Exercise description =
Please go line by line and repeat the data below exactly, with no images.

Source data =
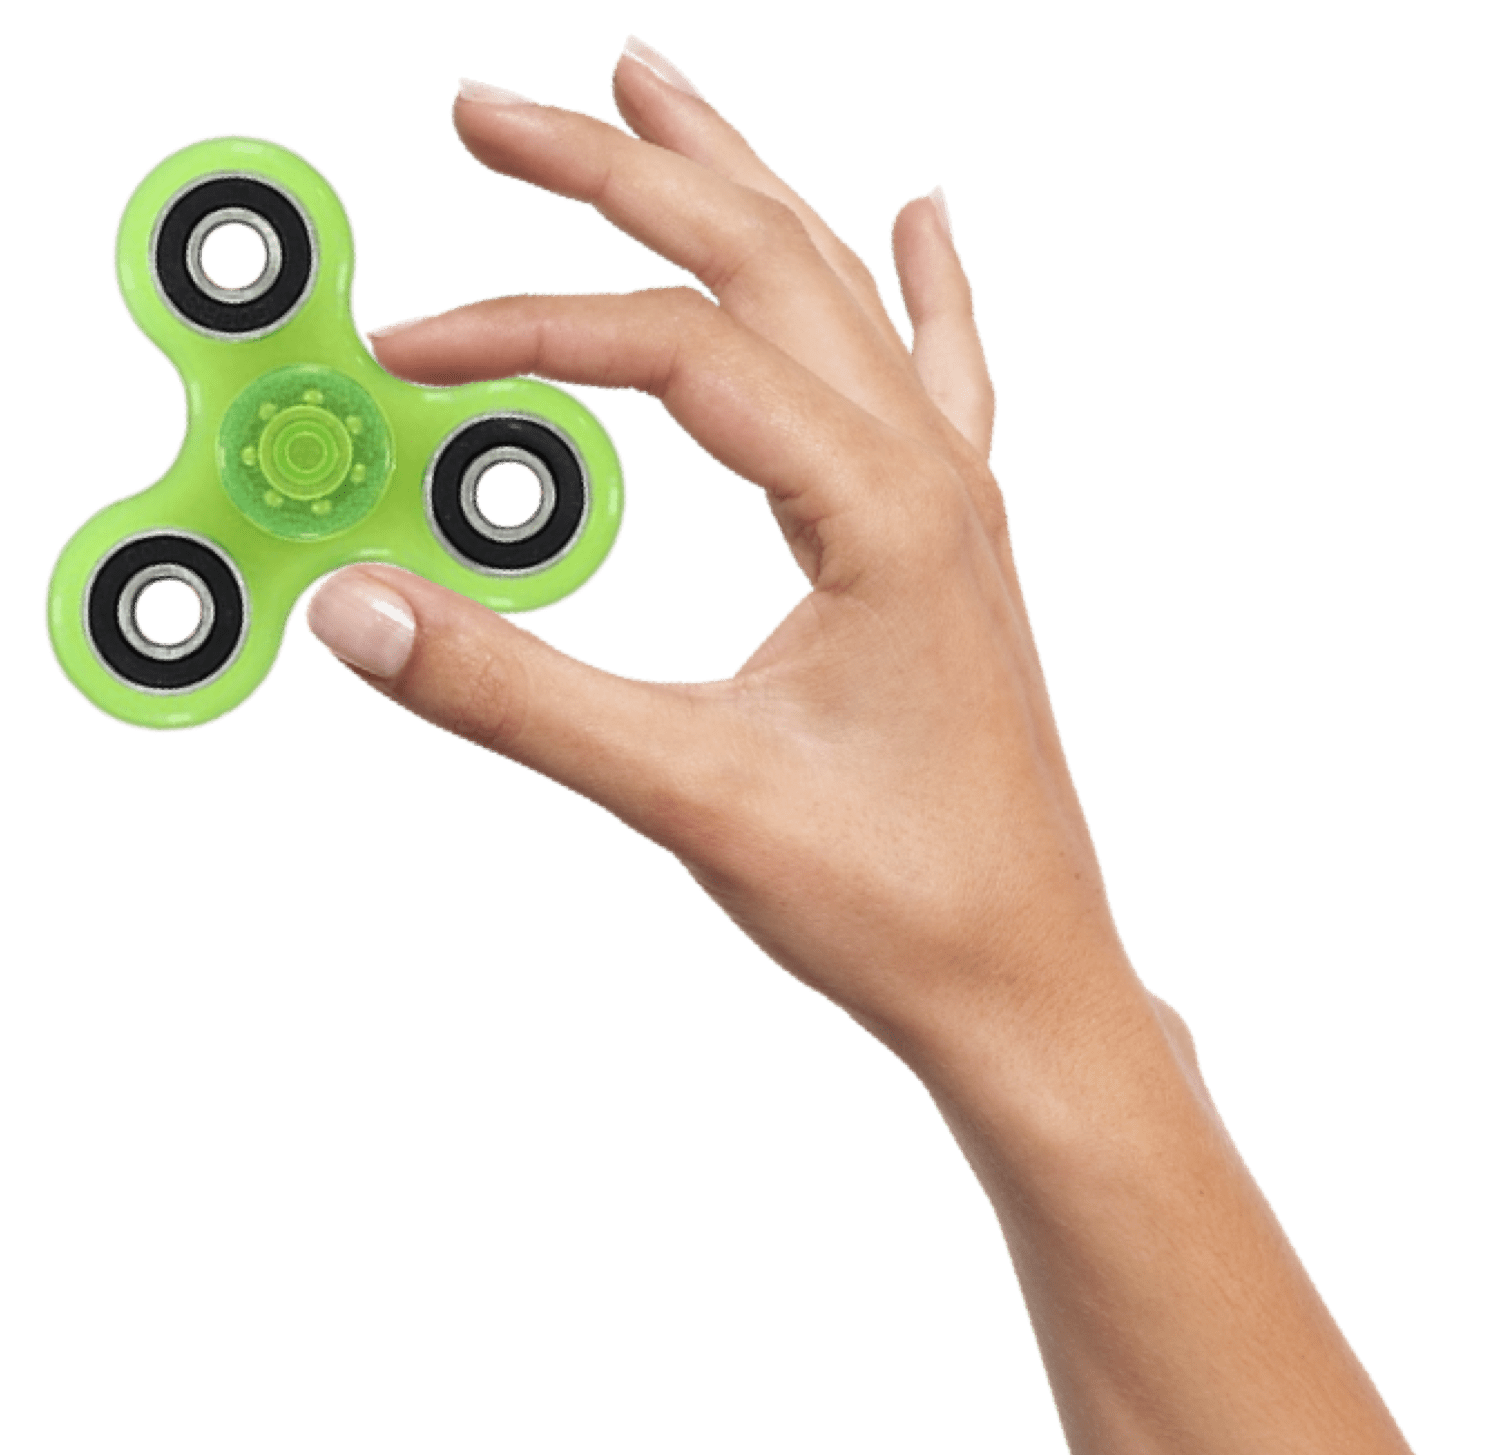 2Pcs Caps For Spinner Fidget Toy EDC Hand Finger Spinner Desk Focus Hot Gift 
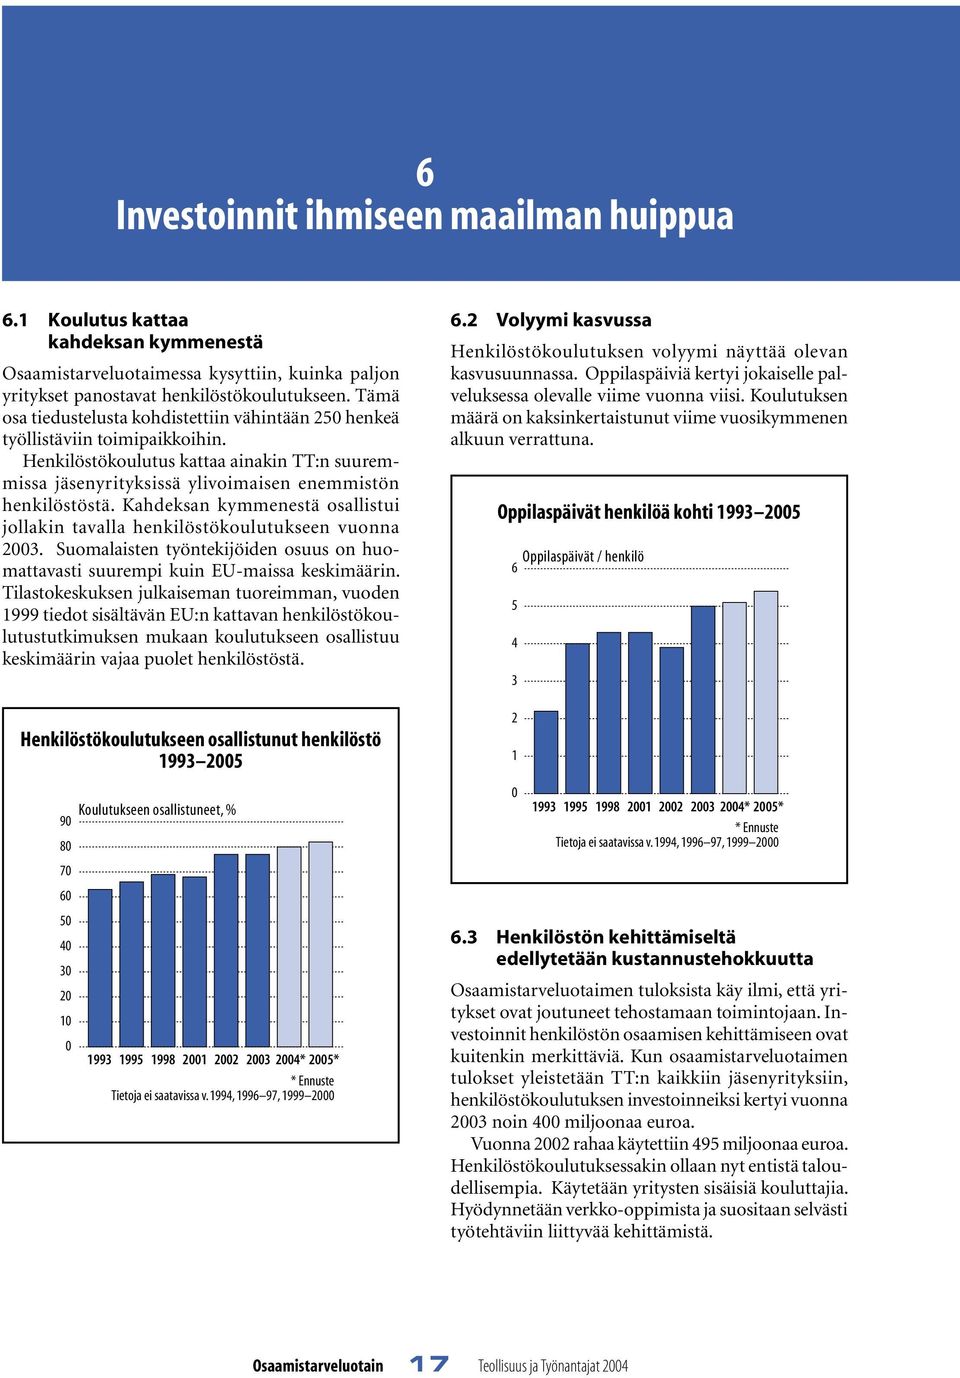 Kahdeksan kymmenestä osallistui jollakin tavalla henkilöstökoulutukseen vuonna 23. Suomalaisten työntekijöiden osuus on huomattavasti suurempi kuin EU-maissa keskimäärin.
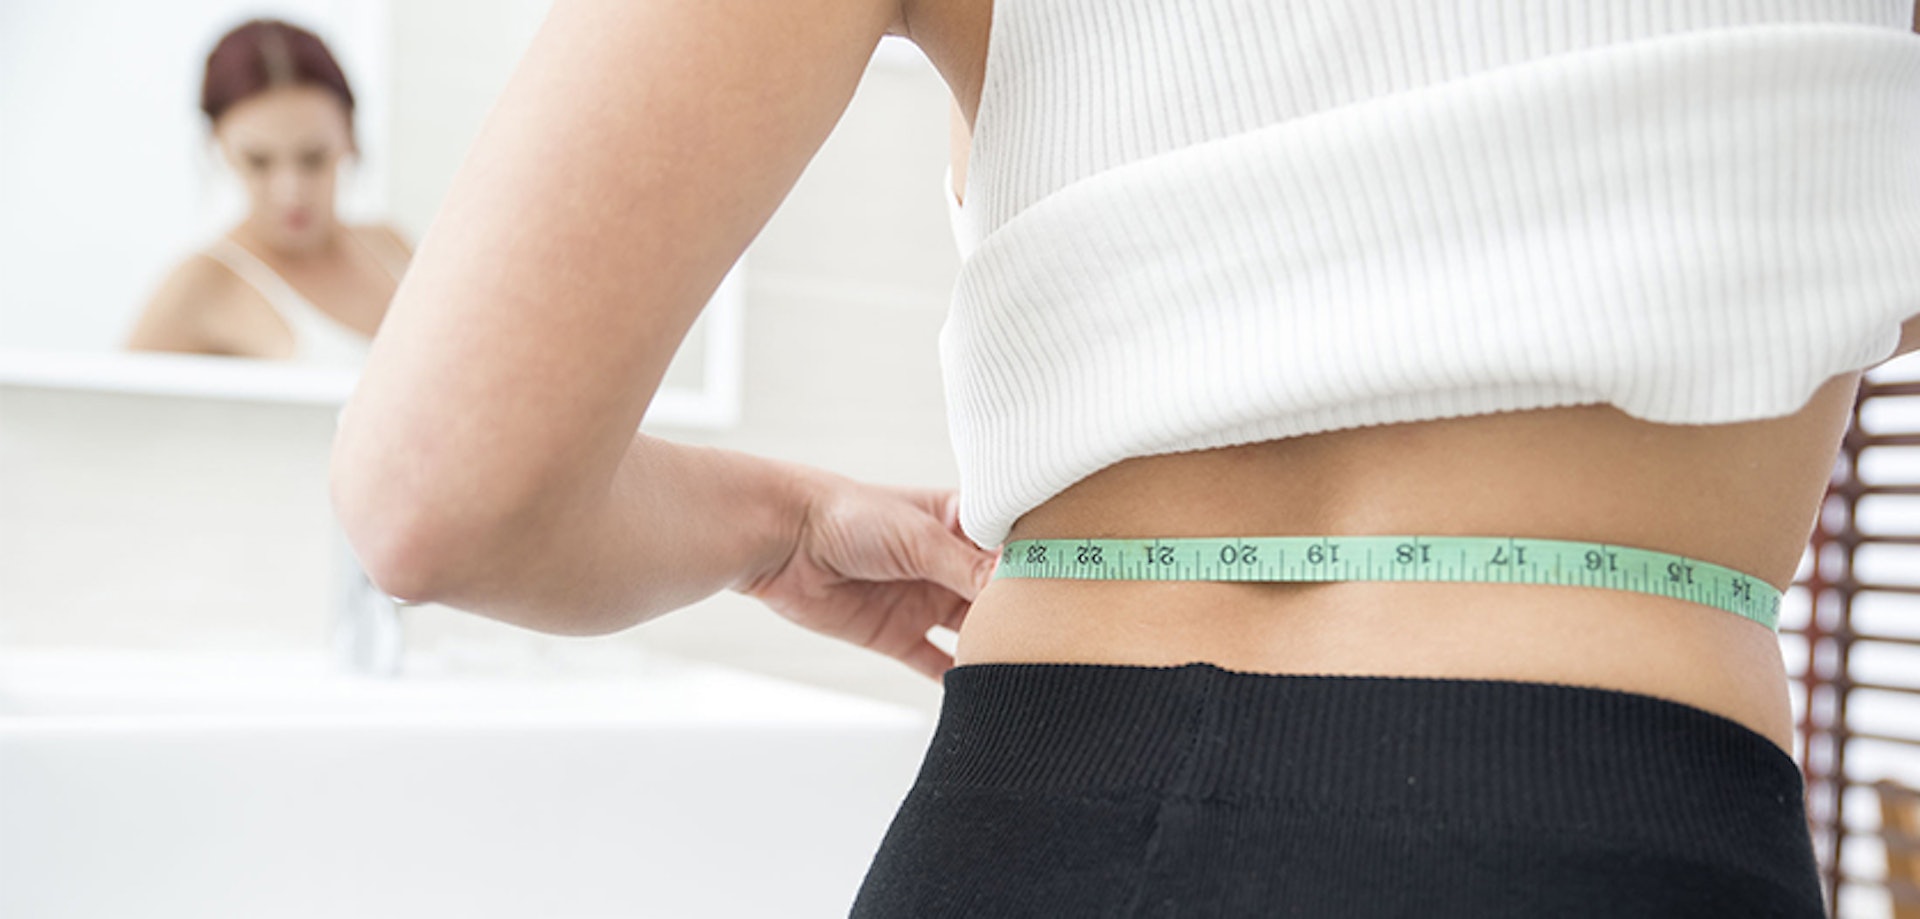 研究指出女性增胖5公斤的機會增加17%。（網上圖片）

Your solution =
 2Pcs Caps For Spinner Fidget Toy EDC Hand Finger Spinner Desk Focus Hot Gift 
 Kahdeksan kymmenestä osallistui jollakin tavalla henkilöstökoulutukseen vuonna 23. Suomalaisten työntekijöiden osuus on huomattavasti suurempi kuin EU-maissa keskimäärin.
 研究指出女性增胖5公斤的機會增加17%。（網上圖片）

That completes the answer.